**GOAL OF THE EXERCISE**
Make an exact copy of the data below, leaving out every picture.

**SOURCE DATA**
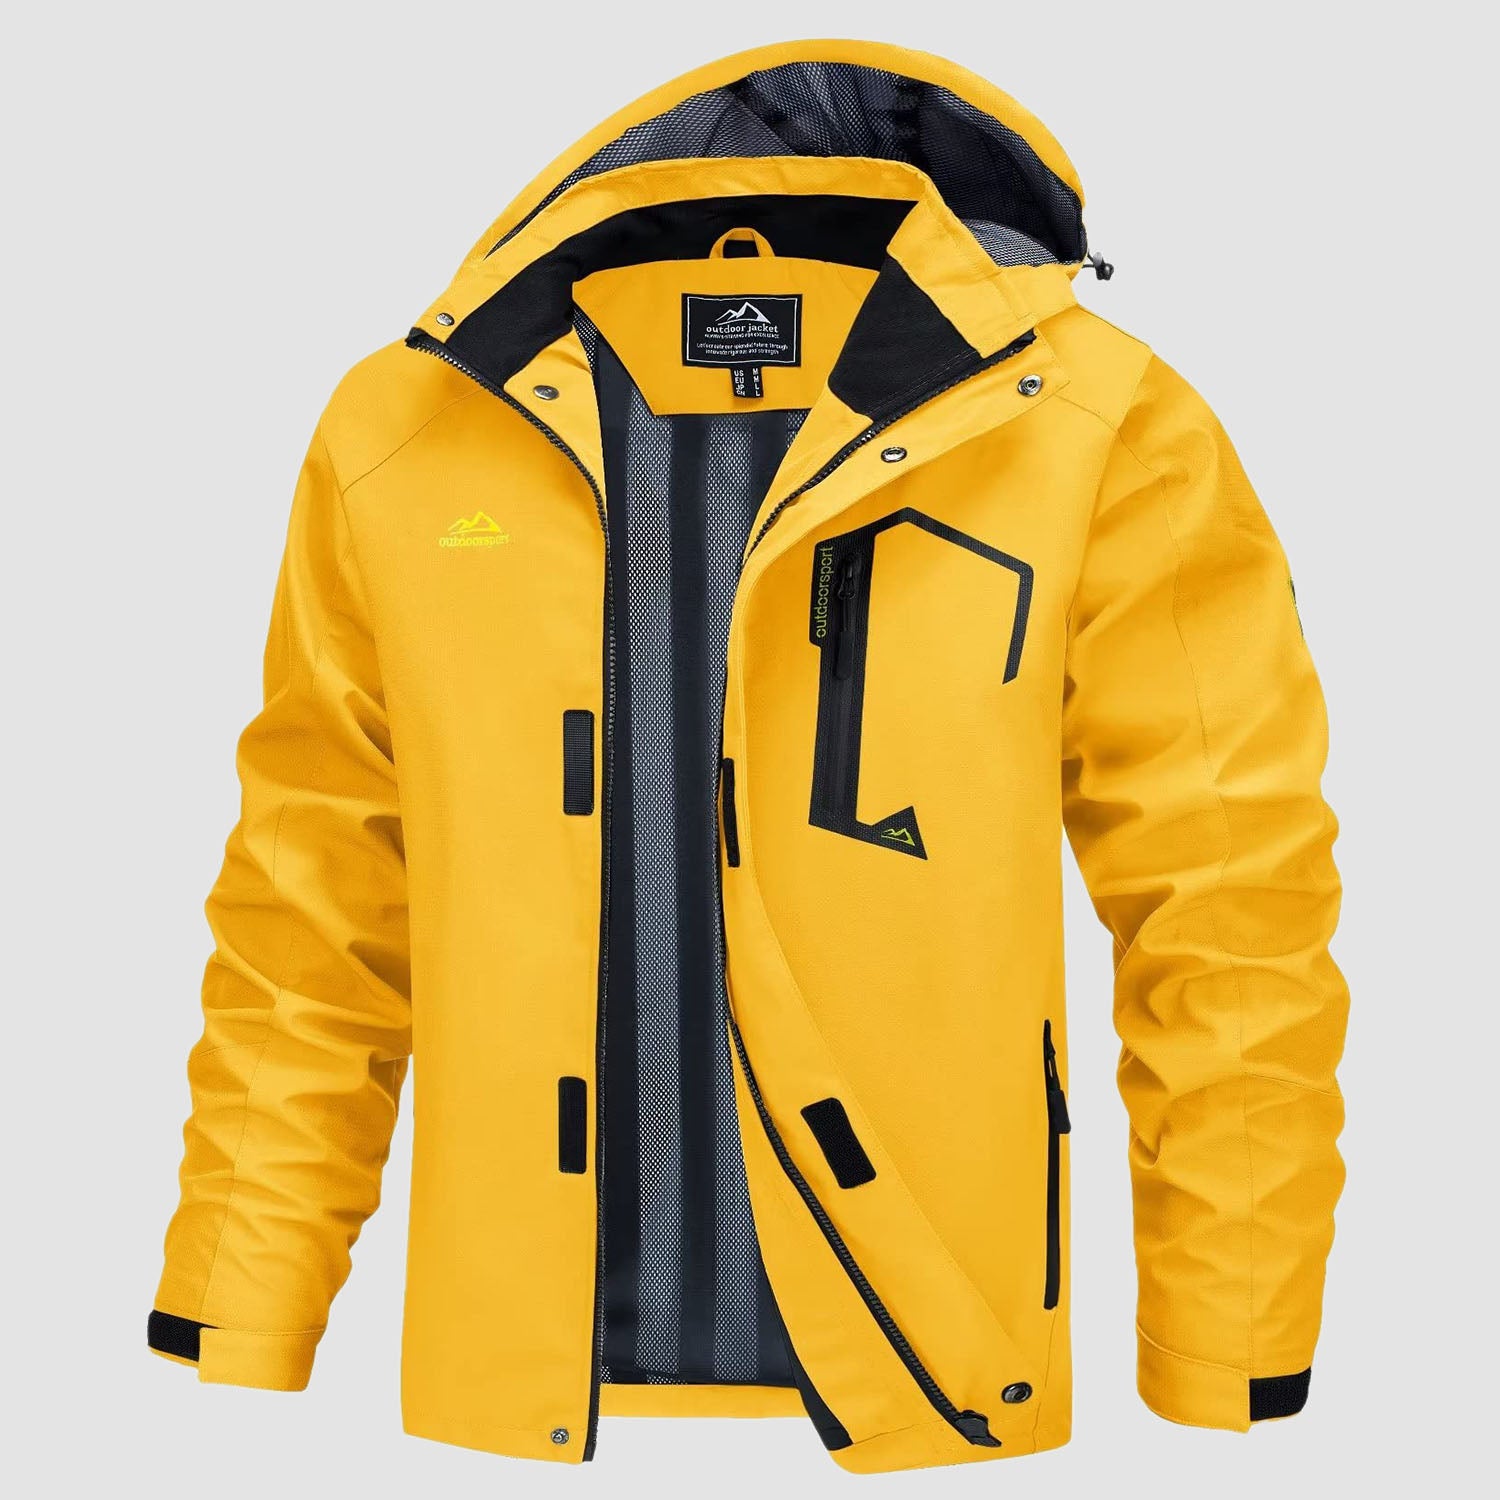 Men's Jacket Water Resistant Windbreaker Coat for Outdoor, Yellow / M
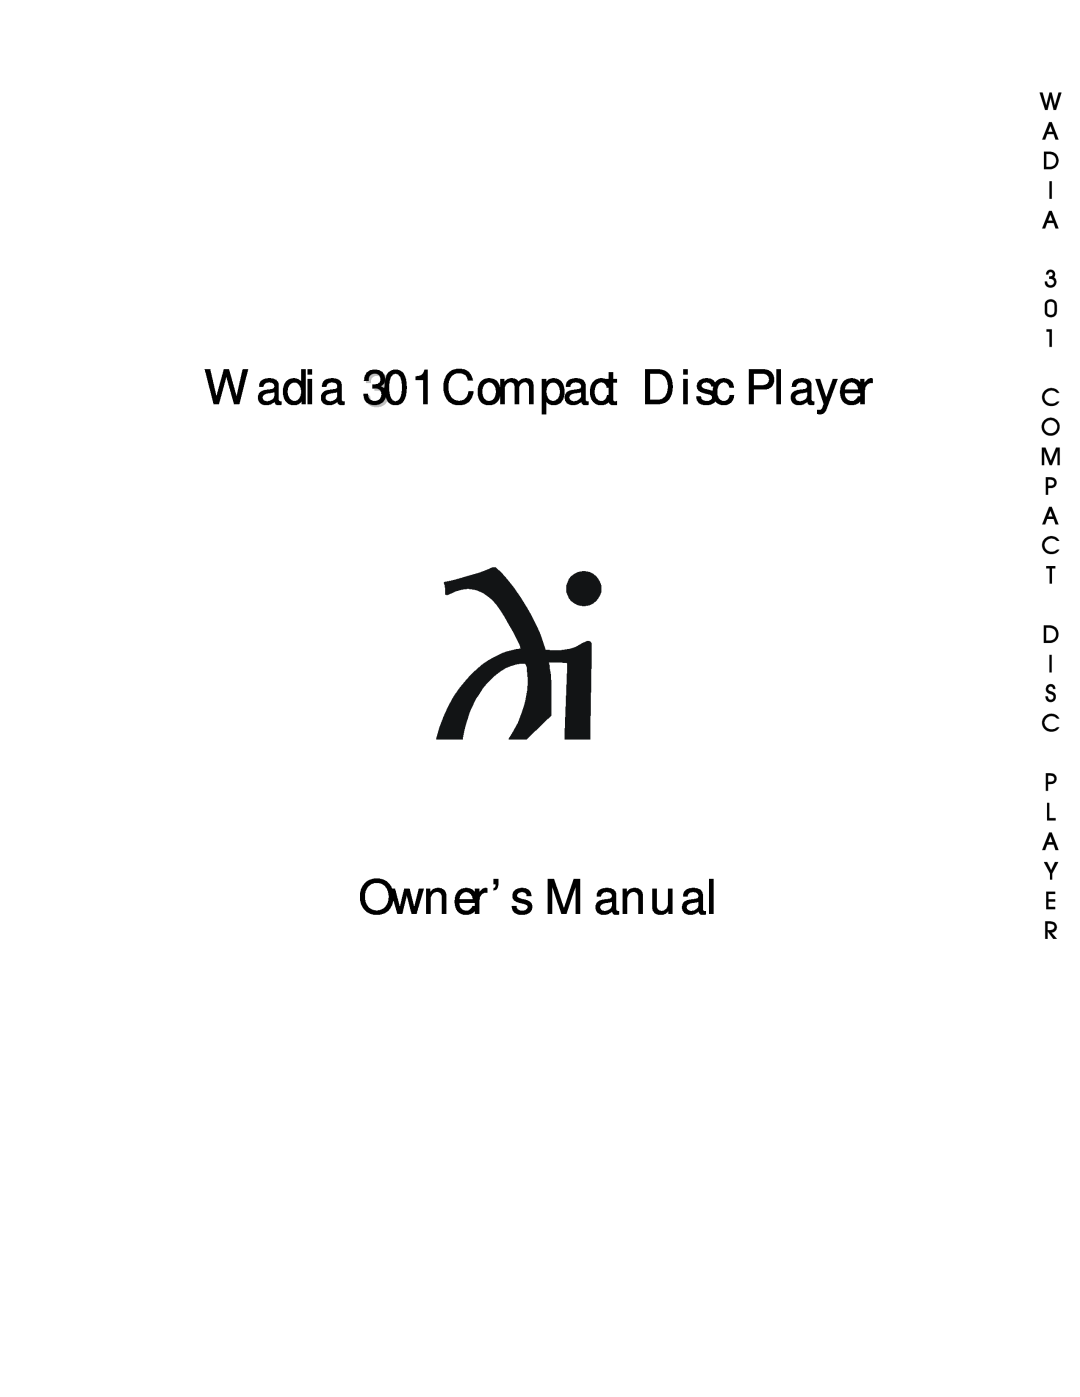 Wadia Digital 301 owner manual W A D I A 3 0 1 C O M P A C T D I S C P L A Y E R 
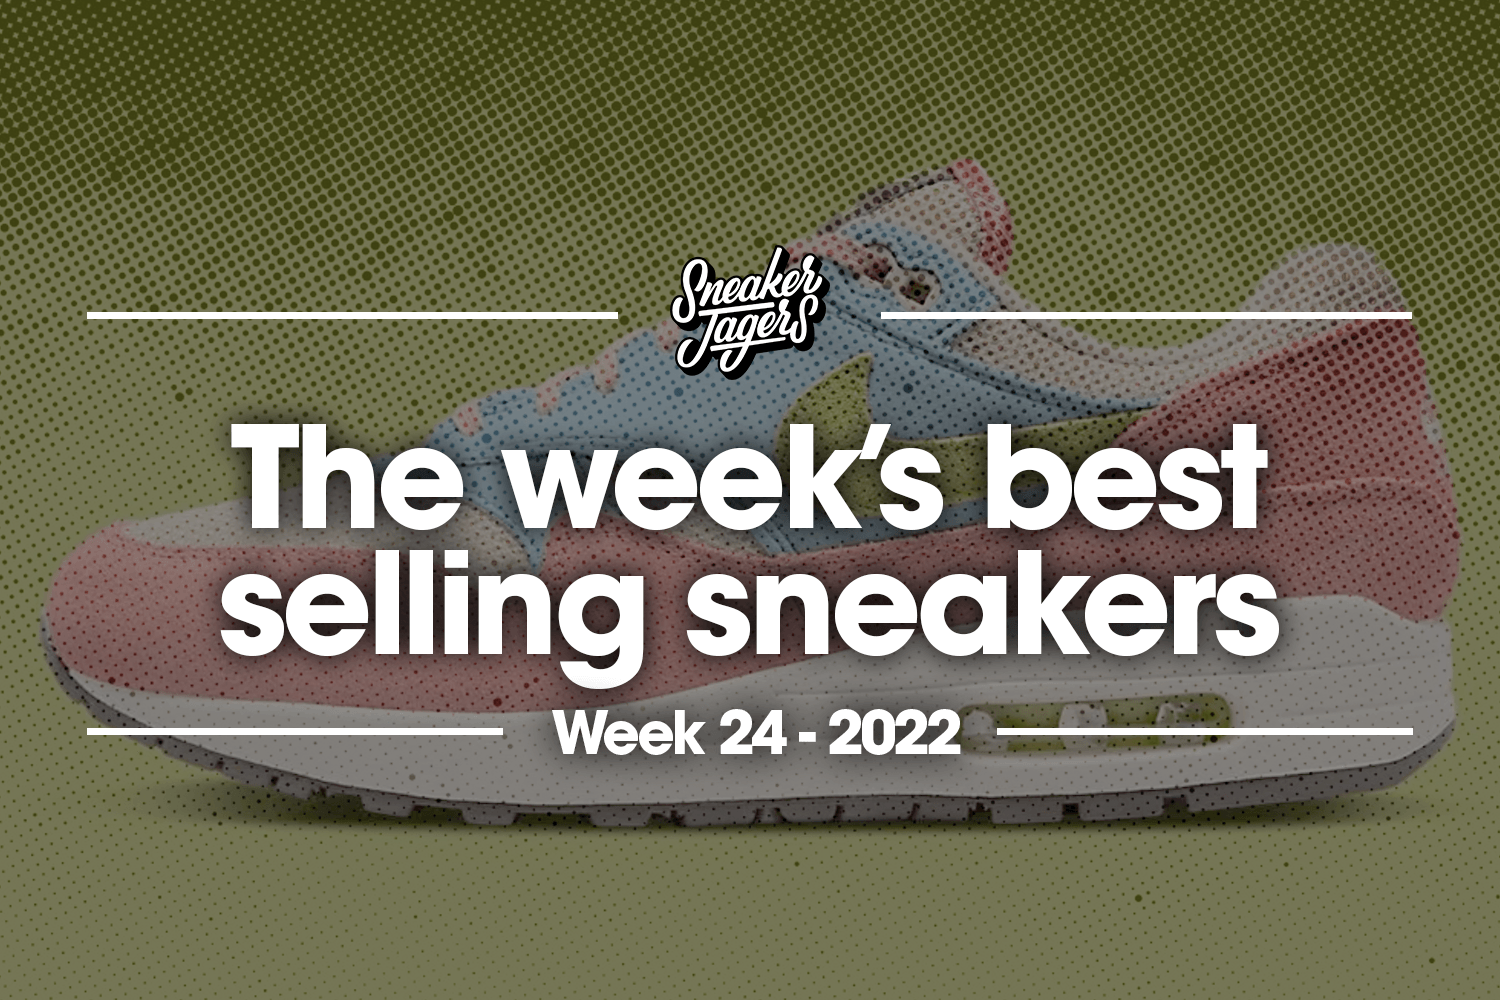 De 5 bestverkochte sneakers van week 24
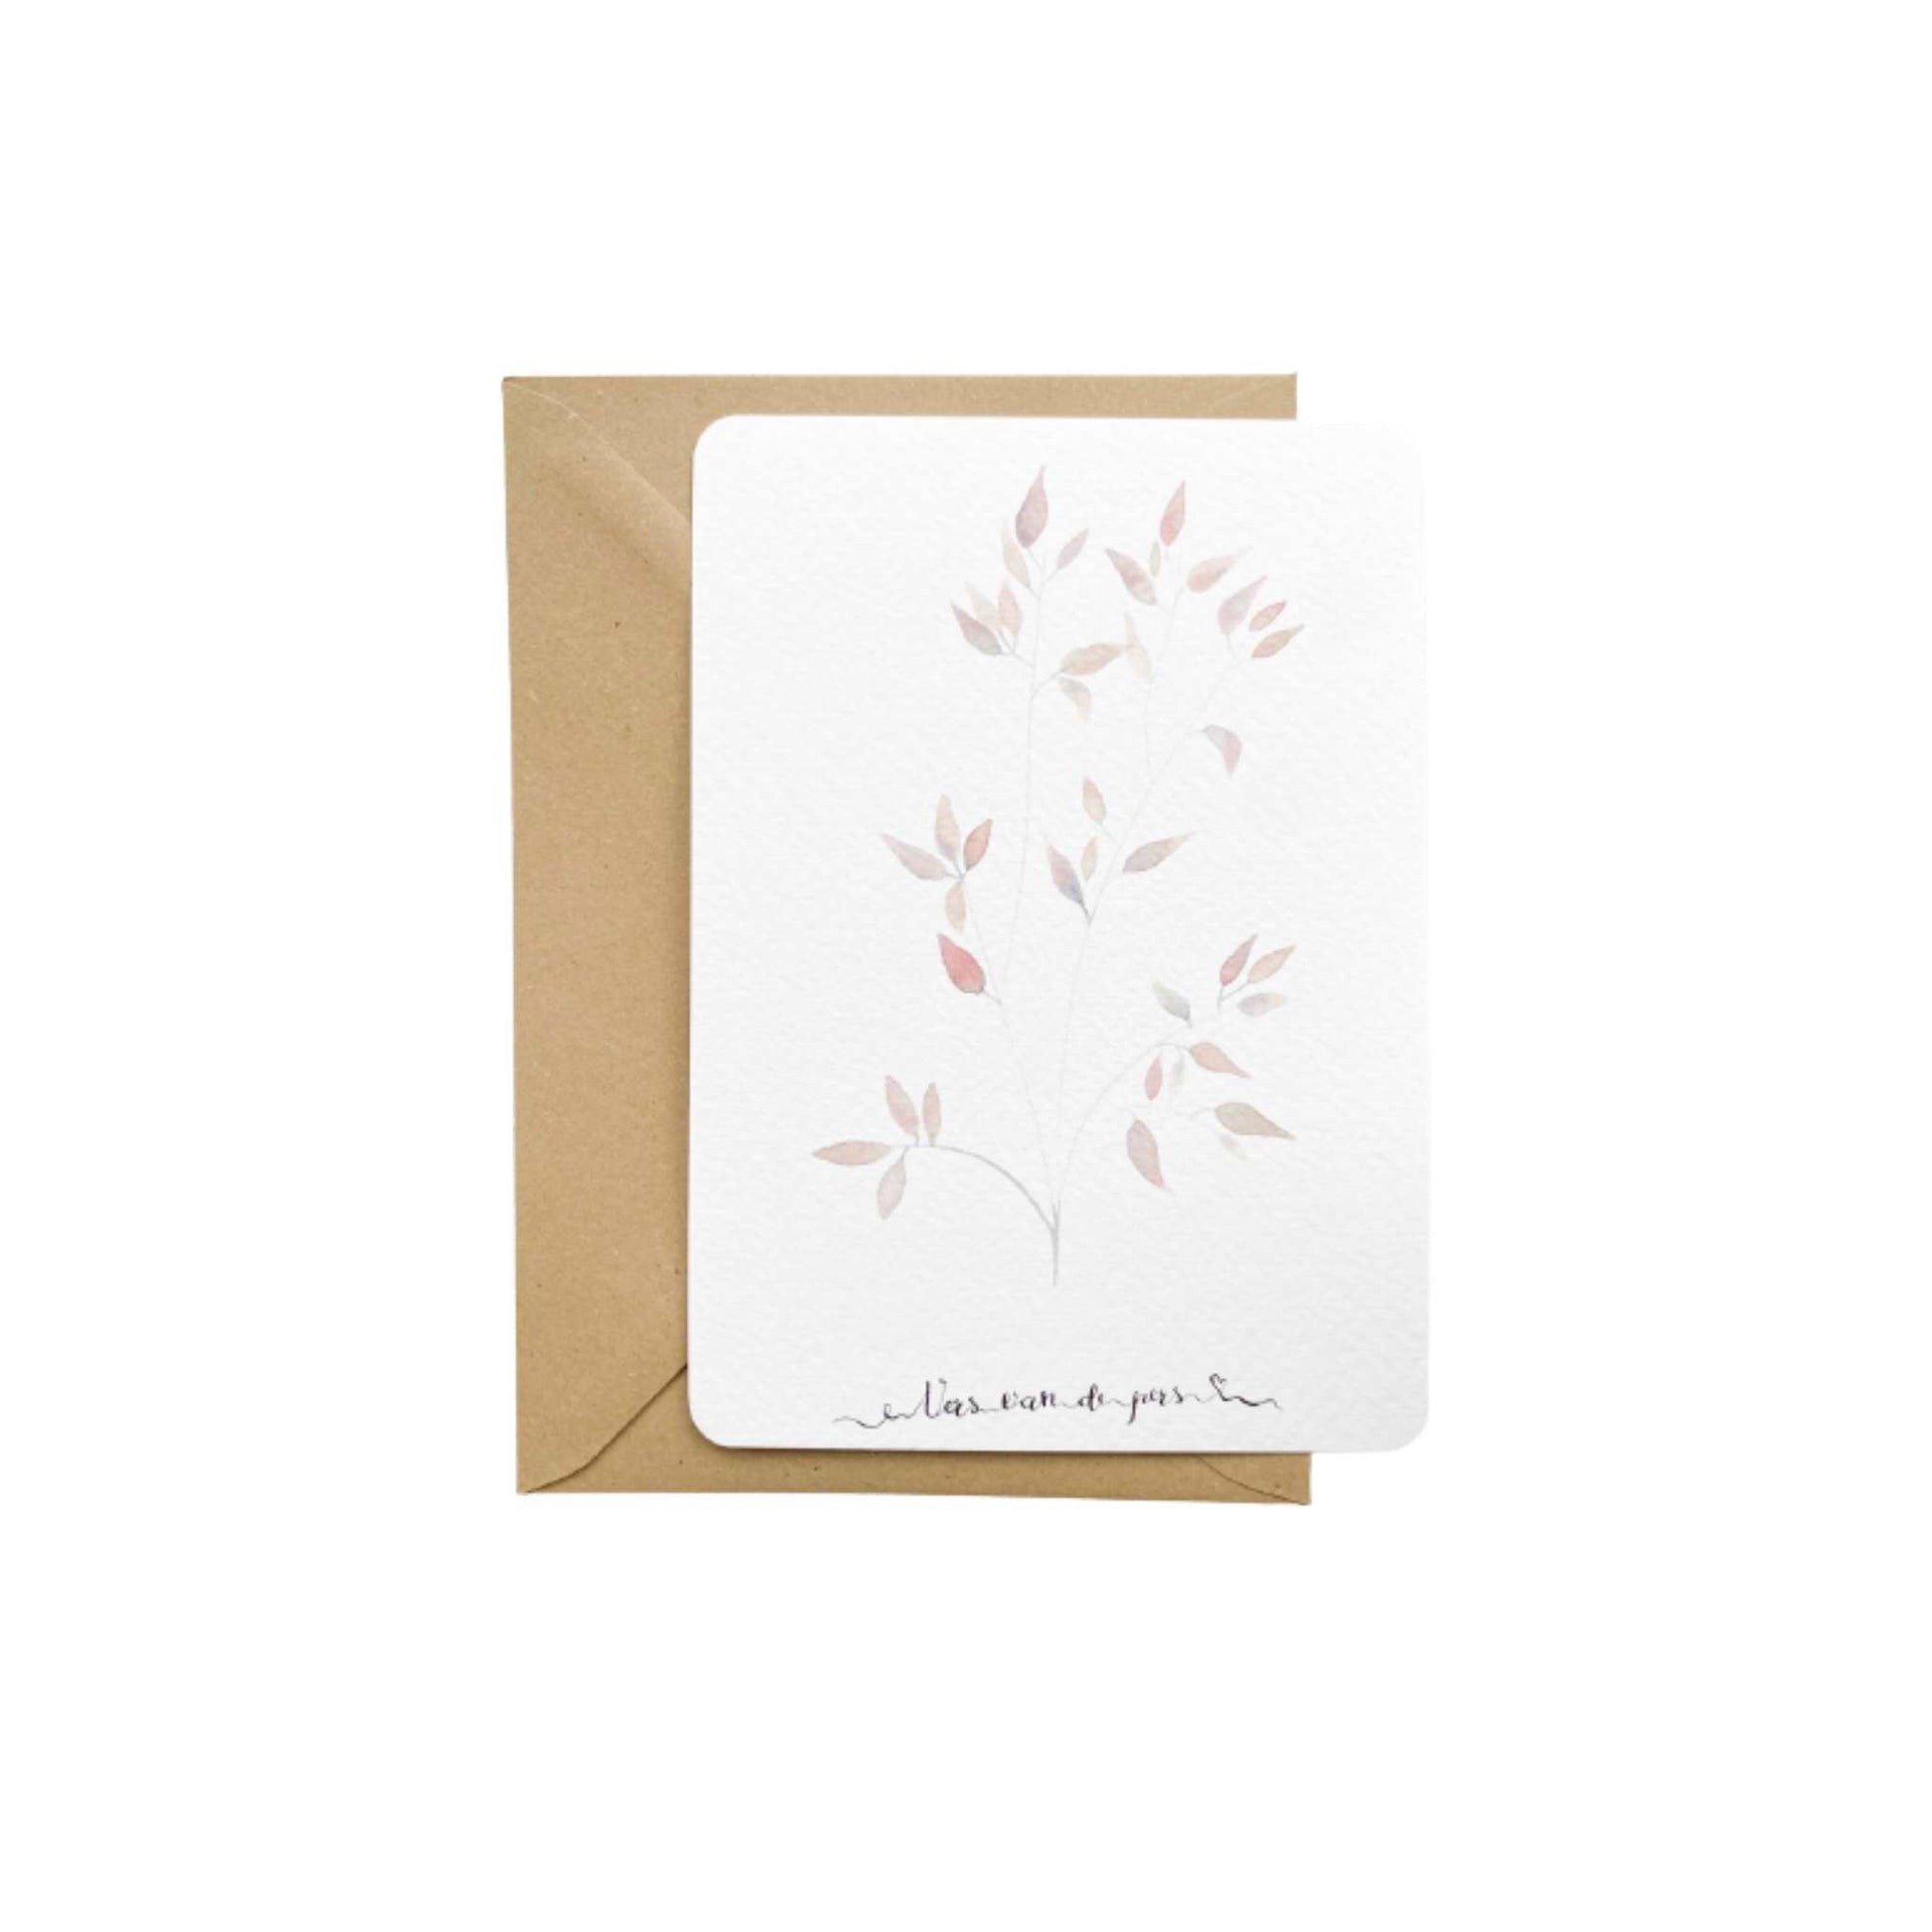 Vers van de pers | Witte A6-kaart met fijne, lila takjes aquarel

**ANSWER SPACE**
 Men's Jacket Water Resistant Windbreaker Coat for Outdoor, Yellow / M
 Wadia Digital 301 owner manual W A D I A 3 0 1 C O M P A C T D I S C P L A Y E R 
 De 5 bestverkochte sneakers van week 24
 Vers van de pers | Witte A6-kaart met fijne, lila takjes aquarel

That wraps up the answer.